For the nightclub, a cirque performer performs autofellatio, which impresses the crowd. However, the crowd gets disappointed when the act lasts just a few seconds. Realizing that Baby Colin was the biggest reason for the nightclub's success, Nadja admits their glory days are behind them. Guillermo discovers Nando and Marwa-Freddie, which is also witnessed by the real Freddie. Both Freddies are horrified, so Nandor uses hypnosis to calm them down. Nevertheless, Guillermo confronts Nandor for his actions, saying he had to make it about himself when Guillermo just wanted to spend time with his boyfriend. The next day, the real Freddie leaves for England, and Guillermo is forced to live with Nandor and Marwa-Freddie. Realizing his mistake, Nandor sends Marwa-Freddie off on a train to travel the world. Guillermo visits Freddie in London, but is heartbroken to discover that Freddie is now in a relationship with Marwa-Freddie.

==Production==
===Development===
In August 2022, FX confirmed that the ninth episode of the season would be titled "Freddie", and that it would be written by co-producers Jake Bender and Zach Dunn, and directed by DJ Stipsen. This was Bender's third writing credit, Dunn's third writing credit, and Stipsen's first directing credit.

==Reception==
===Viewers===
In its original American broadcast, "Freddie" was seen by an estimated 0.356 million household viewers with a 0.13 in the 18-49 demographics. This means that 0.09 percent of all households with televisions watched the episode. This was a 24% increase in viewership from the previous episode, which was watched by 0.287 million household viewers with a 0.09 in the 18-49 demographics.

===Critical reviews===
"Freddie" received extremely positive reviews from critics. William Hughes of The A.V. Club gave the episode a "B+" grade and wrote, "Lots of shows, after all, have had one of their characters, irritated at the spotlight being stolen from them, decide to have sex with their friend's new significant other. Very few of them have had that character instead opt to spend one of the three wishes he got as a wedding present from a djinn to turn his wife into an exact copy of said significant other, then have sex with them instead. But such is the magic of 'Freddie,' an episode of our favorite vamp-based televised sitcom in which heartbreak runs rampant and where everything truly magical never seems to last quite as long as you might like."
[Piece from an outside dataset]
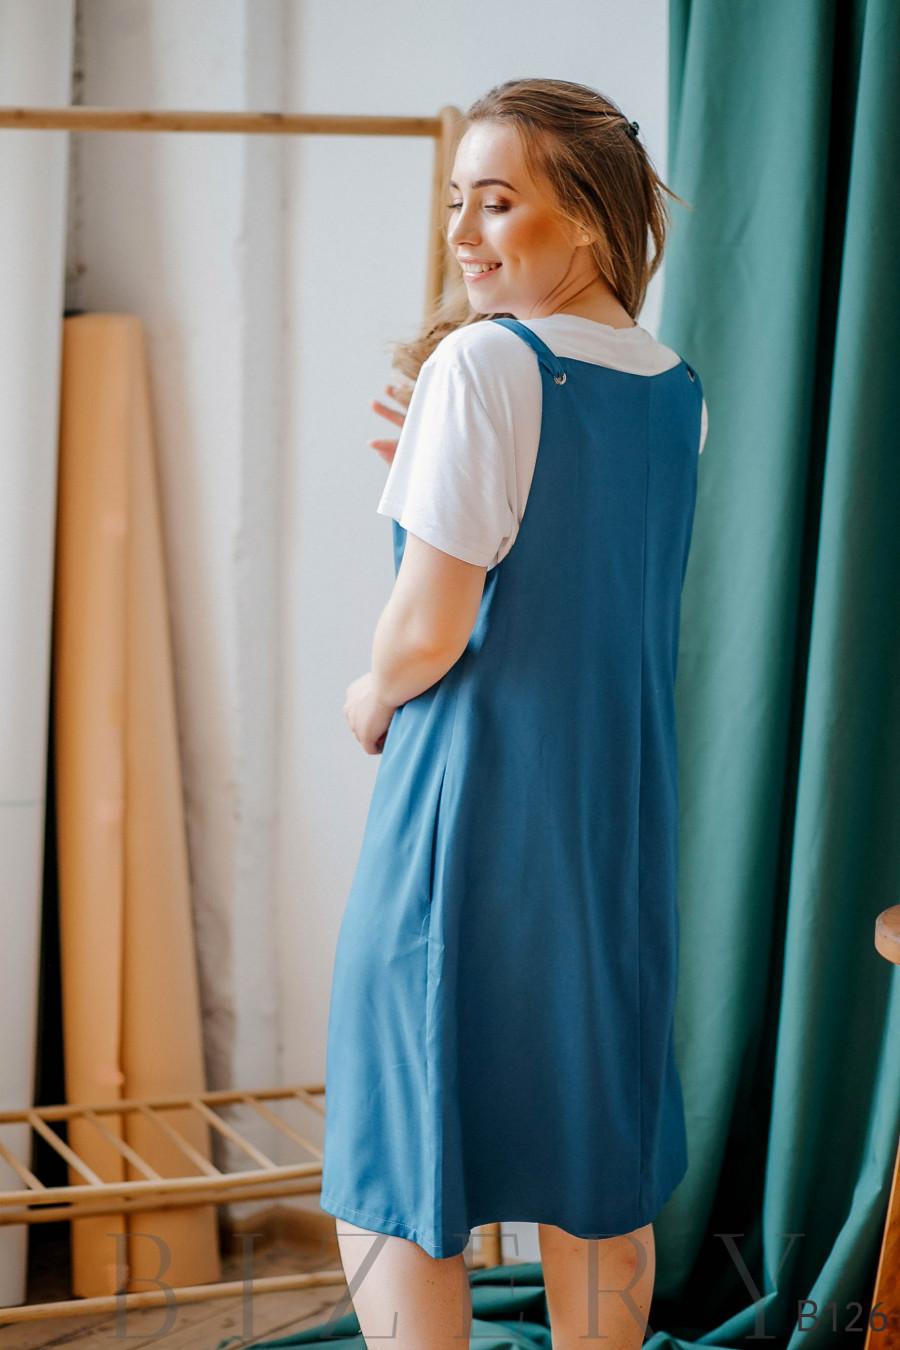 Сарафан голубой свободного кроя на завязках + мягкая белая футболка

Katie Rife of Vulture gave the episode a 4 star rating out of 5 and wrote, "Although both Matt Berry and Kayvan Novak both had some commendable line readings, Natasia Demetriou easily walks away with this week's performance award. Her blood-drunk Nadja was full of hilarious details: the blood smeared all over her mouth; the sleepy, half-closed eyes; the outbursts, the slumped posture, the pratfalls; calling herself 'Mama.' But the best part, in my humble opinion, was her pronunciation of 'Sofia Cappabala.'" Tony Sokol of Den of Geek gave the episode a 4 star rating out of 5 and wrote, "'Freddie' separates the cast for a deeper character dive into all the players and ultimately supplies a final impossible curve which supplies both the complexity and absurdity. What We Do in the Shadows feeds on itself for laughs and has little mercy for its own characters. The episode leaves gaping wounds screaming for salt."

Melody McCune of Telltale TV gave the episode a 4 star rating out of 5 and wrote, "Overall, 'Freddie' is a solid outing for What We Do in the Shadows, brimming with humor, heartbreak, and plenty of bloody good fun. It aptly sets the stage for next week's season finale. Here's hoping teenage Colin Robinson won't dance on it." Alejandra Bodden of Bleeding Cool gave the episode a 9 out of 10 rating and wrote, "This week's episode of FX's What We Do in the Shadows, 'Freddie' was a big bowl of 'WTFs?' and 'no ways' that hit us right on the lines-crossed feels. Yet again, the show raises the bar and, yet again, another great episode to add to what has been thus far a wonderfully written season."